As Point72 Returns Flatline, Cohen Eyes $20 Billion for FundBy , , and
Cohen’s family office has made no money this year, people say
The new fund would raise about half the money from outsiders
Cohen plans to combine the new money with most of his family war chest of $11 billion, bringing the total to about $20 billion, according to people familiar with his family office. If successful, it would be the biggest hedge fund launch ever and the billionaire would manage more money than he did at his peak.
Cohen, who showed up in Las Vegas earlier this month at SALT, the hedge fund industry’s biggest event, is seeking to return to managing money for external clients after he was barred from doing so by regulators until 2018. His predecessor firm, SAC Capital Advisors, pleaded guilty to securities fraud in 2013, and agreed to pay a record $1.8 billion fine and convert to a family office. He wasn’t charged with any wrongdoing.
The roughly year and a half of close to zero returns through mid-May marks the second-worst performance stretch for Cohen, who is used to making money regardless of the market environment. When he ran SAC, the firm averaged returns of about 30 percent annually, and posted only one losing year, in 2008, when its main fund dropped almost 28 percent.
Raising billions of dollars would be a particularly impressive feat given that many pension funds and other large investors have pulled money from long-short equity funds that compete with Cohen’s as returns have failed to keep up with the bull market.
The flagship hedge fund at Andreas Halvorsen’s $32 billion Viking Global Investors rose 7.1 percent in the first four months of the year, while the Renaissance Institutional Equities fund gained 9.5 percent through May 26, according to an investor letter.

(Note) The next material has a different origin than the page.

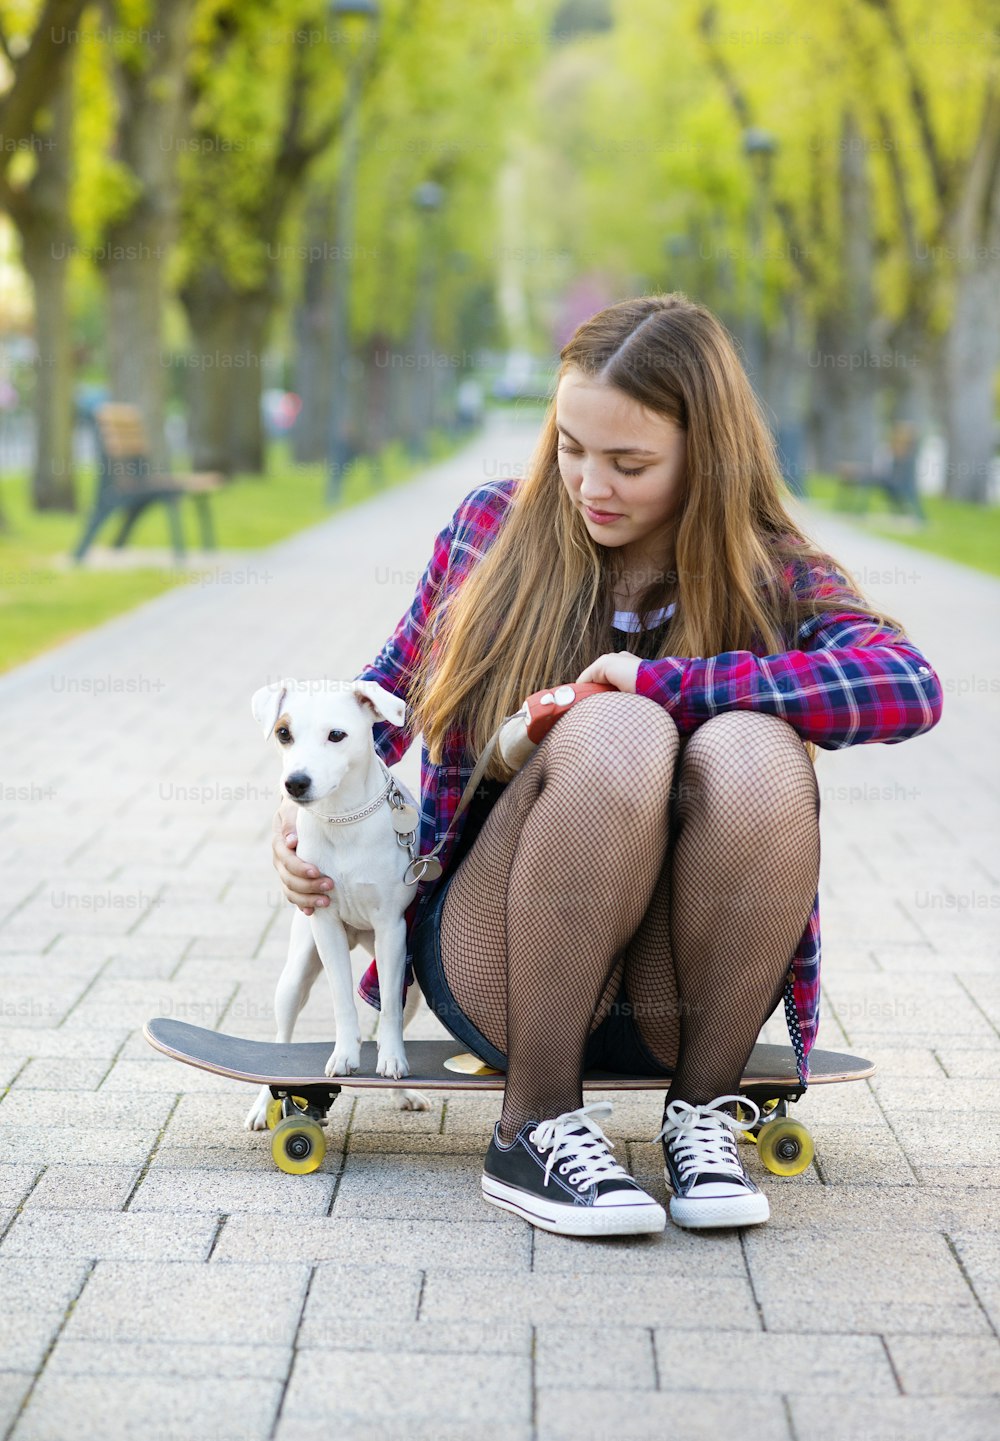 Teenage girl on skateboard with her dog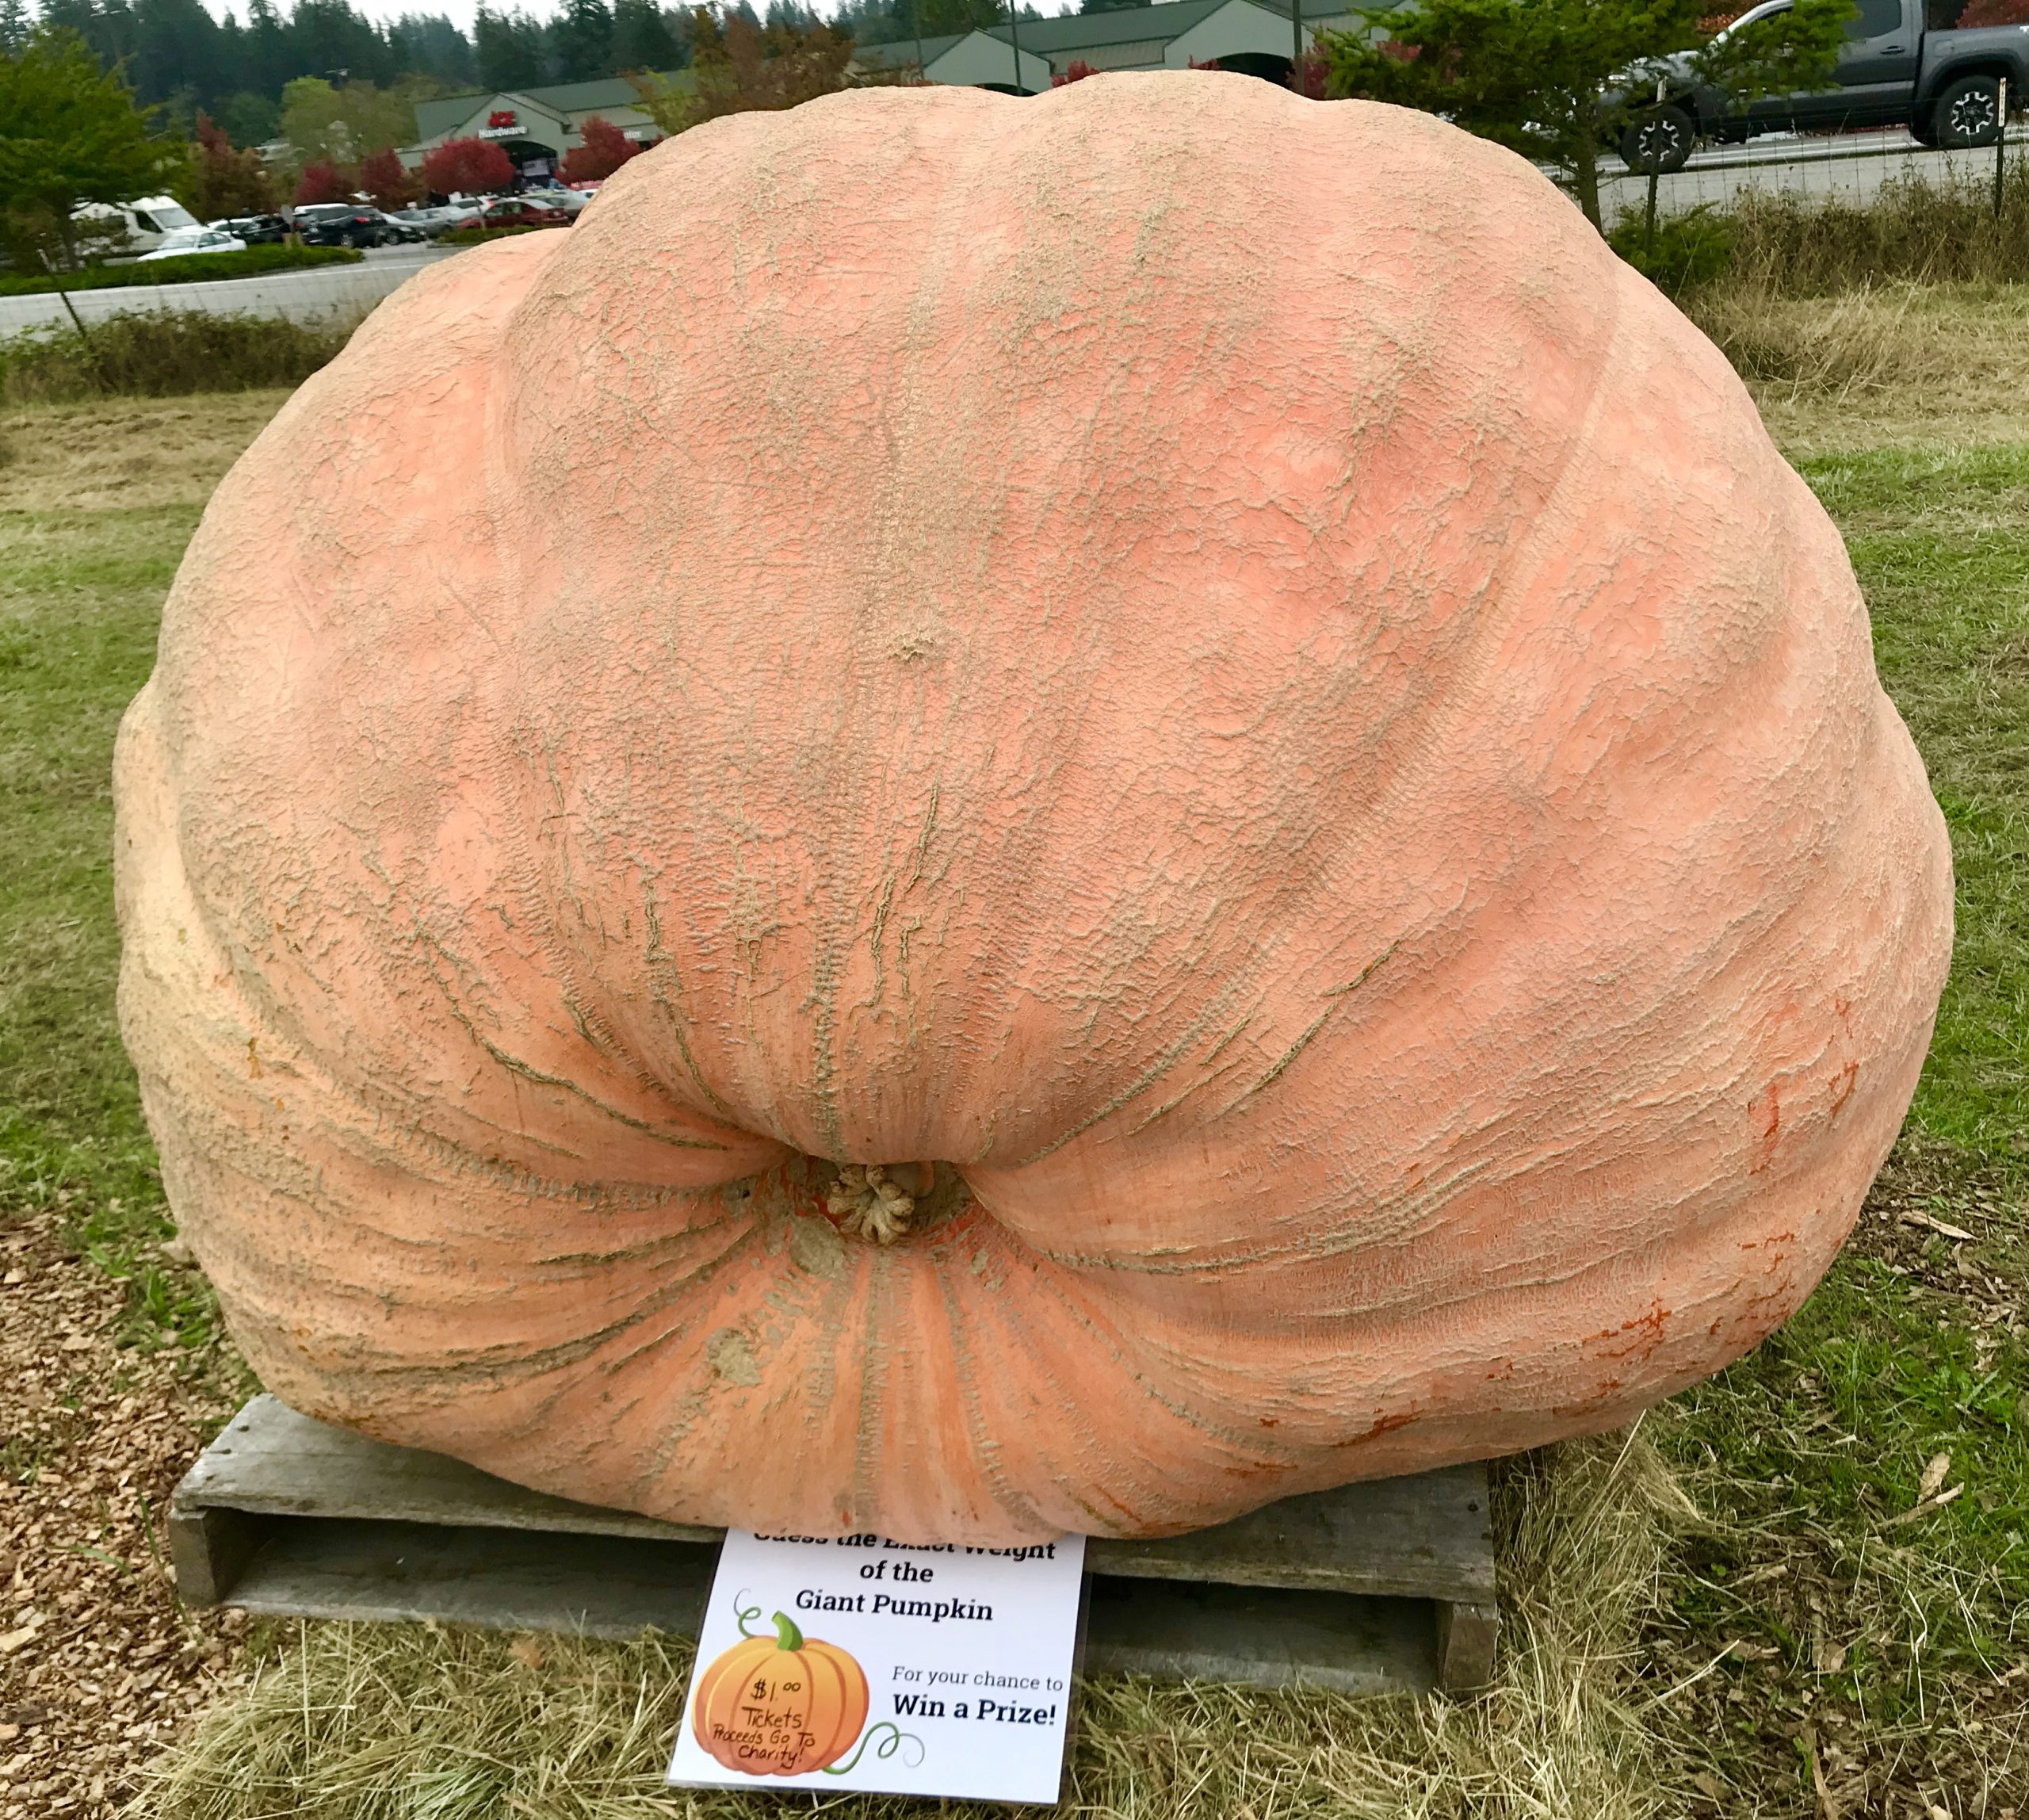 Giant Pumpkins through 10/31

Citadel’s global equities fund is up 4.3 percent this year, according to a person with knowledge of the performance. The average equity-focused hedge fund rose 4.7 percent during the first four months of the year and 5.5 percent in 2016, according to data from Hedge Fund Research Inc.
Over the past several years, Point72 has been trying to inject data science into its investment strategies and experimented with automating the decisions of its best money managers. So far, the firm has struggled to blend its old-school fundamental trading apparatus with quant-driven research. Through a venture capital unit called Point72 Ventures, the firm has also backed outside financial technology startups like Quantopian, a crowd-sourced quantitative investment firm, and trading communication technology company Cloud9.
Point72 has also lost many of its seasoned traders. As it moved to rebrand itself it has sought out younger managers, even starting a training program for recent college graduates called Point72 Academy. As part of an effort to recruit millennials, Point72 renovated its gymnasium and built a nap area as well as a lactation room. The firm has also ramped up its marketing compared with Cohen’s once-secretive SAC Capital: It’s created a Twitter handle and added posts to its LinkedIn and YouTube accounts, while executives have presented at conferences and conducted media interviews.
In order to prepare for new clients, Cohen started Stamford Harbor Capital last year, led by a longtime deputy, Perry Boyle. The firm hired a third-party marketing company run by Douglas Blagdon, who was global head of marketing and investor relations at SAC to meet with potential investors to discuss terms.
Separately, Point72 has also added a multistrategy portfolio.
Mark Herr, a spokesman for Point72, declined to comment on the firm’s performance or money raising target. The Wall Street Journal earlier Tuesday reported on the fundraising goal. While SAC charged clients 3 percent of assets and half of all profits, the new fund may pass through expenses to clients, the Journal said. The performance fee would vary depending on the investment returns, the newspaper said.